Но вернемся к стихам и краху любви. Из последнего, десятого, стихотворения «судейкинского» цикла Кузмина мы узнаем, что измена художника раскрыта, потому что новость распространилась уже по городу…
В романах здесь, как напоминает поэт, ставят точку, ну а в жизни это еще не всегда конец:
Дата под этими стихами: «Ноябрь — январь 1906–1907».
Но что же все-таки случилось с Судейкиным в ноябре — январе? Об этом могут рассказать пожелтевшие письма друзей и родственников:
«…С. Ю. Судейкин женится на О. А. Глебовой. Мне кажется, несчастный Кузмин, хотя несомненно скоро имеющий возродиться, в данную минуту являет вид достаточно плачевный и нуждающийся в участии и утешении».

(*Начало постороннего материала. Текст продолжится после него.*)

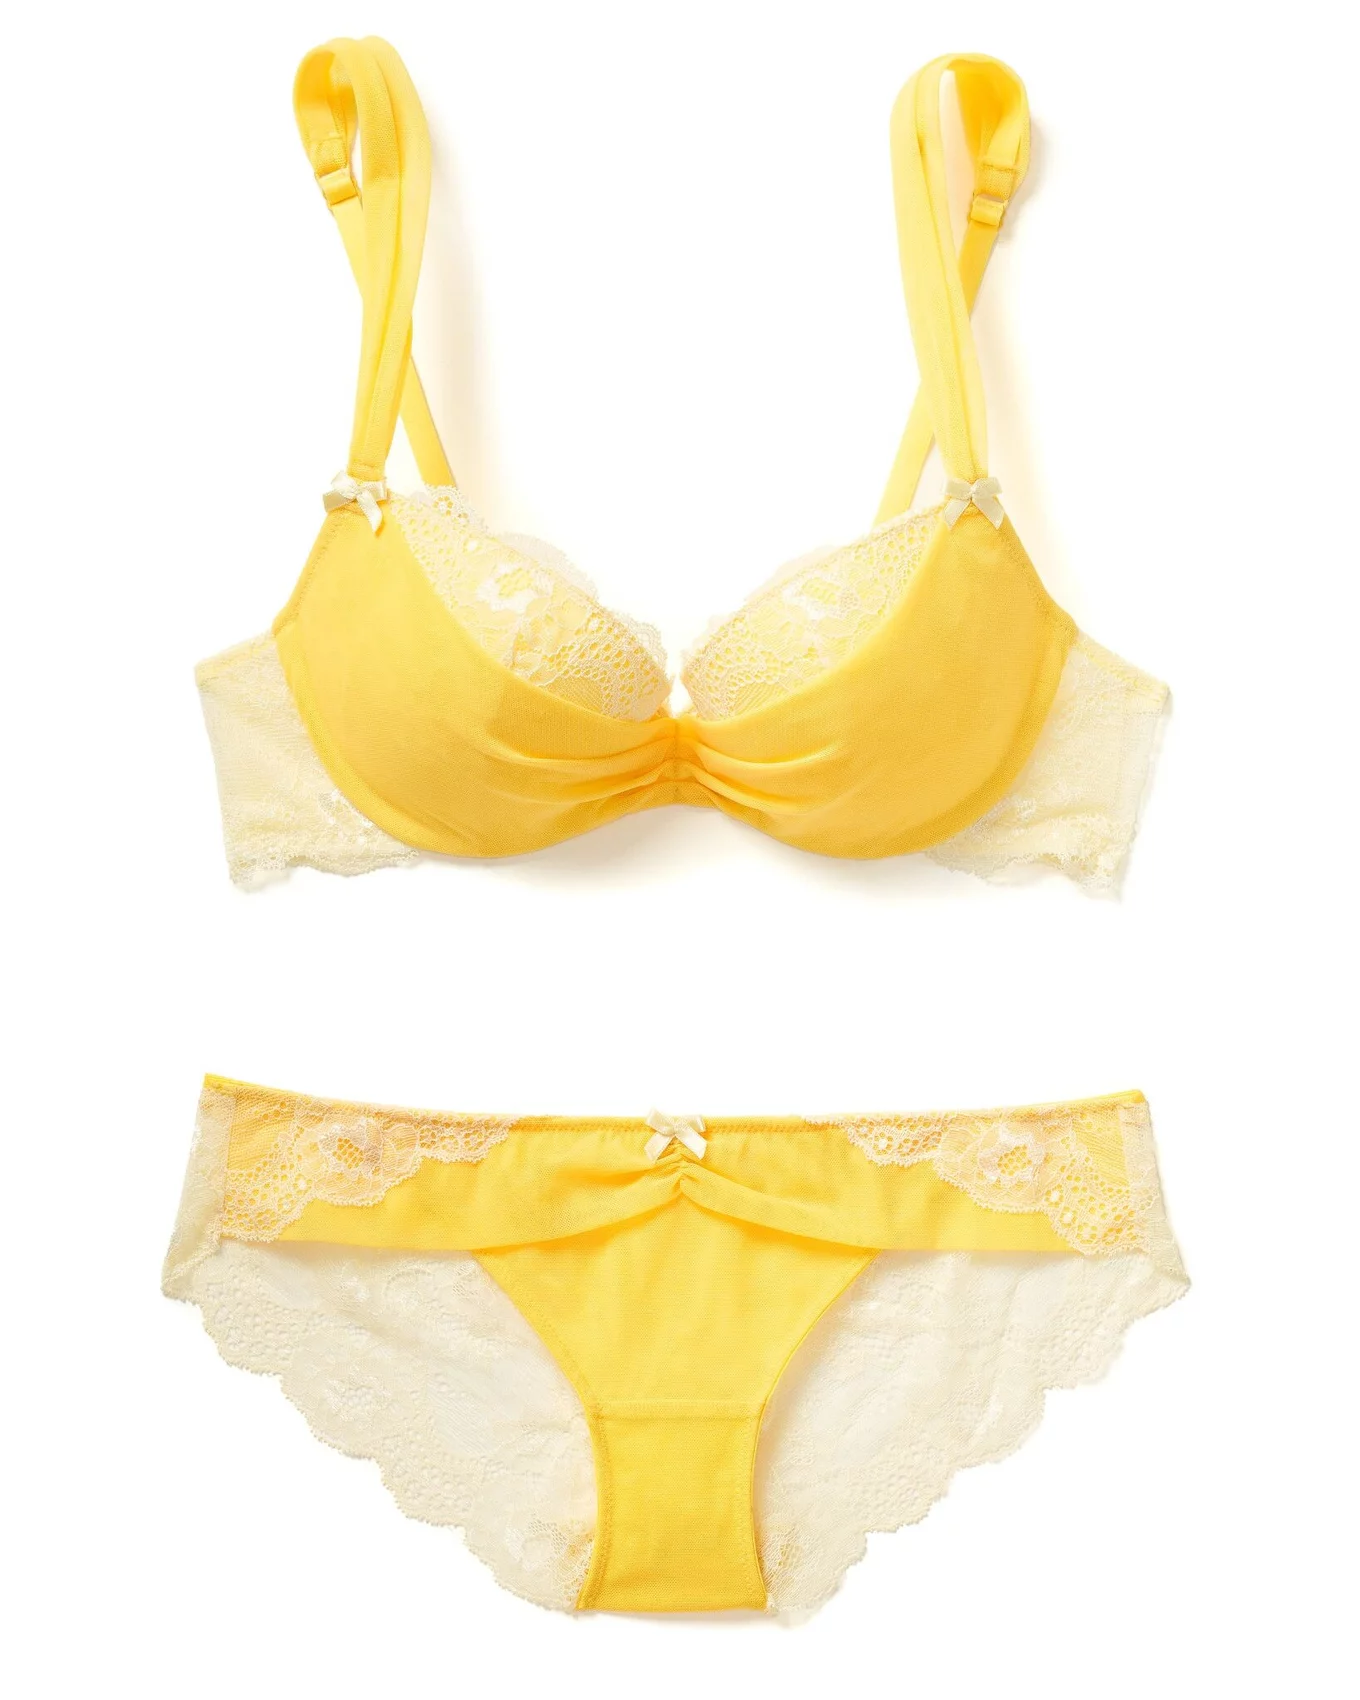 Meikedai Neon Yellow Lingerie Sensual Womens Underwear 3 Pieces Lace Bra  Kit Push Up S Xl Embroidery Breves Sets Garte Cup Size S Color Fluorescent  Yellow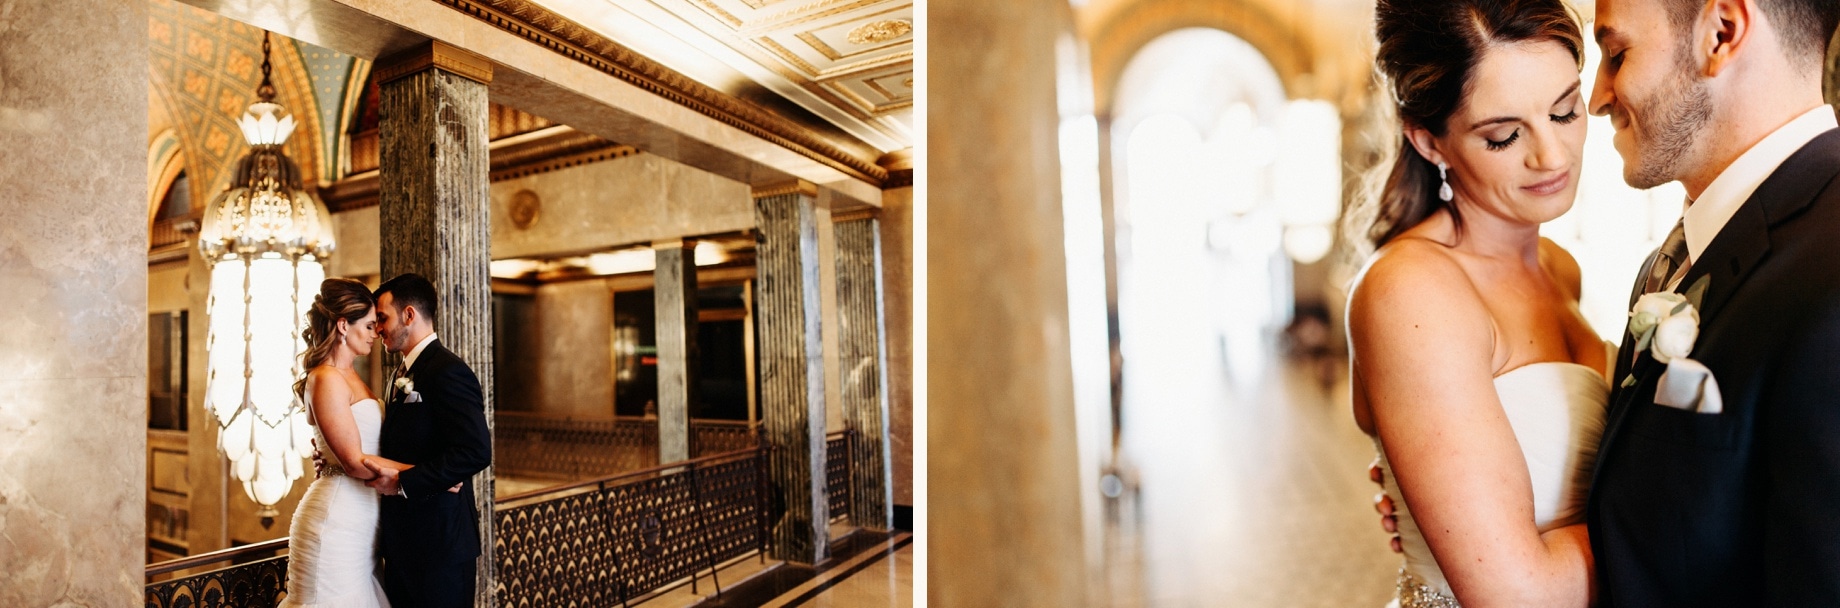 bride and groom portraits in the fisher building by detroit wedding photographer heather jowett

Родственник, написавший это письмо, оказался прав: уже весной 1907 года происходит «возрождение», и пылкие стихи Кузмина обращены отныне к некоему Наумову. Что до Судейкина, то он в конце концов нарушил молчание и прислал письмецо страдавшему Кузмину:
Дорогой Михаил Алексеевич, мое долгое молчание мне кажется извинительным. Теперь совершенно спокоен и счастлив, шлю Вам привет. Я женюсь на Ольге Афанасьевне Глебовой, безумно ее любя.
Желаю Вам, дорогой друг, счастливо встретить праздники, если бы Вы приехали, мы были бы очень рады.
Шлю привет поэту, будем друзьями. Приезжайте.
Кто же была эта Олечка Глебова? Ольга Афанасьевна Глебова, в которую в 1906 году «безумно» влюбился модный художник Сергей Судейкин, которая стала его женой и которая сама столетие спустя удостоилась в качестве художницы особой статьи в весьма почтенном «Словаре художников Русского Зарубежья»?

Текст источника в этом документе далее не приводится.